Yeah, and it's absolutely confusing stuff.

Let me try again by only clearing flags. Maybe this would be clearer?
(and correct? still confused why the latter part is so complicated in existing
code)

diff --git a/include/linux/huge_mm.h b/include/linux/huge_mm.h
index 8b8f353cc7b81..66fdfe06e4996 100644
--- a/include/linux/huge_mm.h
+++ b/include/linux/huge_mm.h
@@ -265,6 +265,42 @@ unsigned long __thp_vma_allowable_orders(struct vm_area_struct *vma,
                                         unsigned long tva_flags,
                                         unsigned long orders);

+/* Strictly mask requested anonymous orders according to sysfs settings. */
+static inline unsigned long __thp_mask_anon_orders(unsigned long vm_flags,
+       unsigned long tva_flags, unsigned long orders)
+{
+       const unsigned long always = READ_ONCE(huge_anon_orders_always);
+       const unsigned long madvise = READ_ONCE(huge_anon_orders_madvise);
+       const unsigned long inherit = READ_ONCE(huge_anon_orders_inherit);
+       const unsigned long never = ~(always | madvise | inherit);
+
+       /* Disallow orders that are set to NEVER directly ... */
+       orders &= ~never;
+
+       /* ... or through inheritance (global == NEVER). */
+       if (!hugepage_global_enabled())
+               orders &= ~inherit;
+
+       /*
+        * Otherwise, we only enforce sysfs settings if asked.
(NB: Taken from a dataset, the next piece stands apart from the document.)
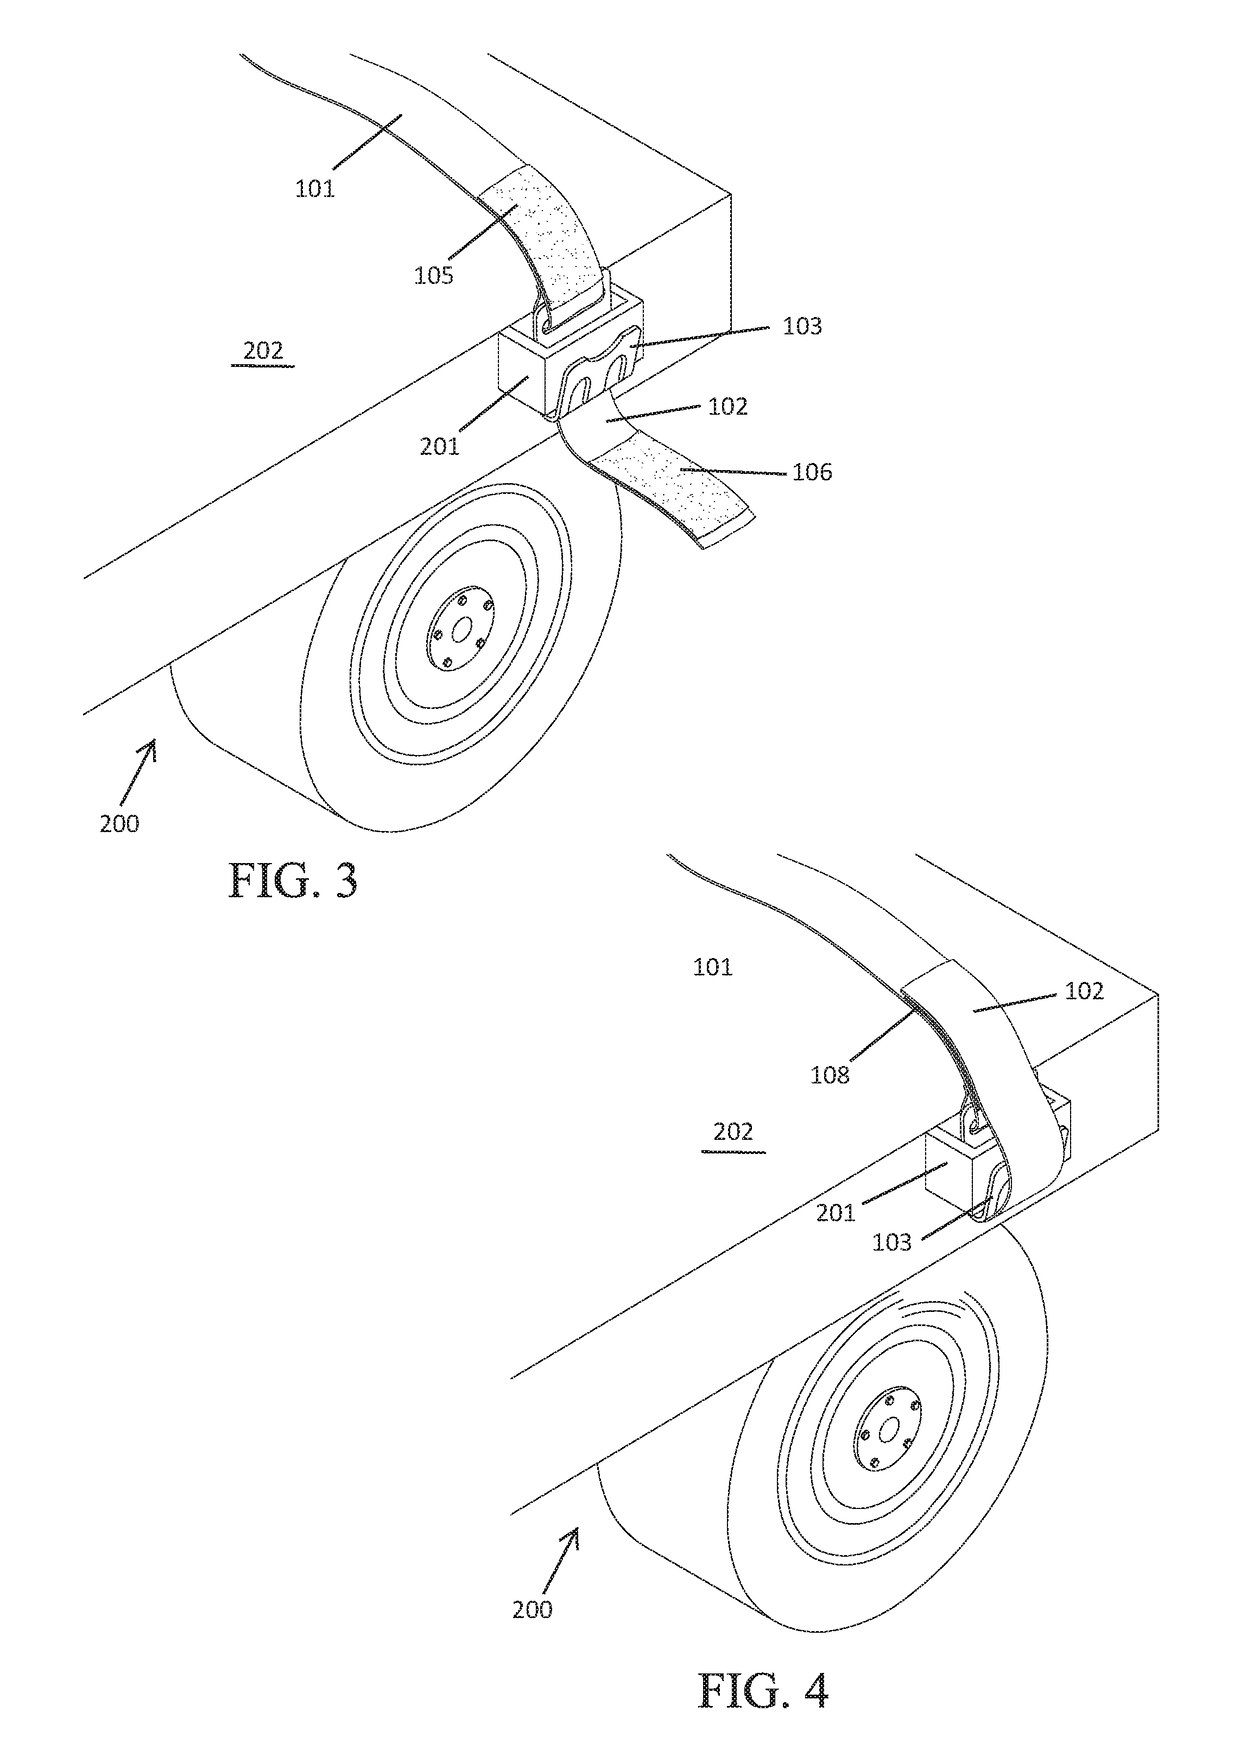 Tie Down Strap with Strap Loop for Preventing Disengagement while Securing Cargo

In addition,
+        * if the user sets a sysfs mode of madvise and if TVA_ENFORCE_SYSFS
+        * is not set, we don't bother checking whether the VMA has VM_HUGEPAGE
+        * set.
+        */
+       if (!(tva_flags & TVA_ENFORCE_SYSFS))
+               return orders;
+
+       if (!(vm_flags & VM_HUGEPAGE)) {
+               /* Disallow orders that are set to MADVISE directly ... */
+               orders &= ~madvise;
+
+               /* ... or through inheritance (global == MADVISE). */
+               if (!hugepage_global_always())
+                       orders &= ~inherit;

Seems we can drop this 'inherit' check, cause if !hugepage_global_enabled() == true, which always means !hugepage_global_always() is true.

+       }
+       return orders;
+}

Otherwise look good to me.

+
 /**
  * thp_vma_allowable_orders - determine hugepage orders that are allowed for vma
  * @vma:  the vm area to check
@@ -287,16 +323,8 @@ unsigned long thp_vma_allowable_orders(struct vm_area_struct *vma,
                                       unsigned long orders)
 {
        /* Optimization to check if required orders are enabled early. */
-       if ((tva_flags & TVA_ENFORCE_SYSFS) && vma_is_anonymous(vma)) {
-               unsigned long mask = READ_ONCE(huge_anon_orders_always);
-
-               if (vm_flags & VM_HUGEPAGE)
-                       mask |= READ_ONCE(huge_anon_orders_madvise);
-               if (hugepage_global_always() ||
-                   ((vm_flags & VM_HUGEPAGE) && hugepage_global_enabled()))
-                       mask |= READ_ONCE(huge_anon_orders_inherit);
-
-               orders &= mask;
+       if (vma_is_anonymous(vma)) {
+               orders = __thp_mask_anon_orders(vm_flags, tva_flags, orders);
                if (!orders)
                        return 0;
        }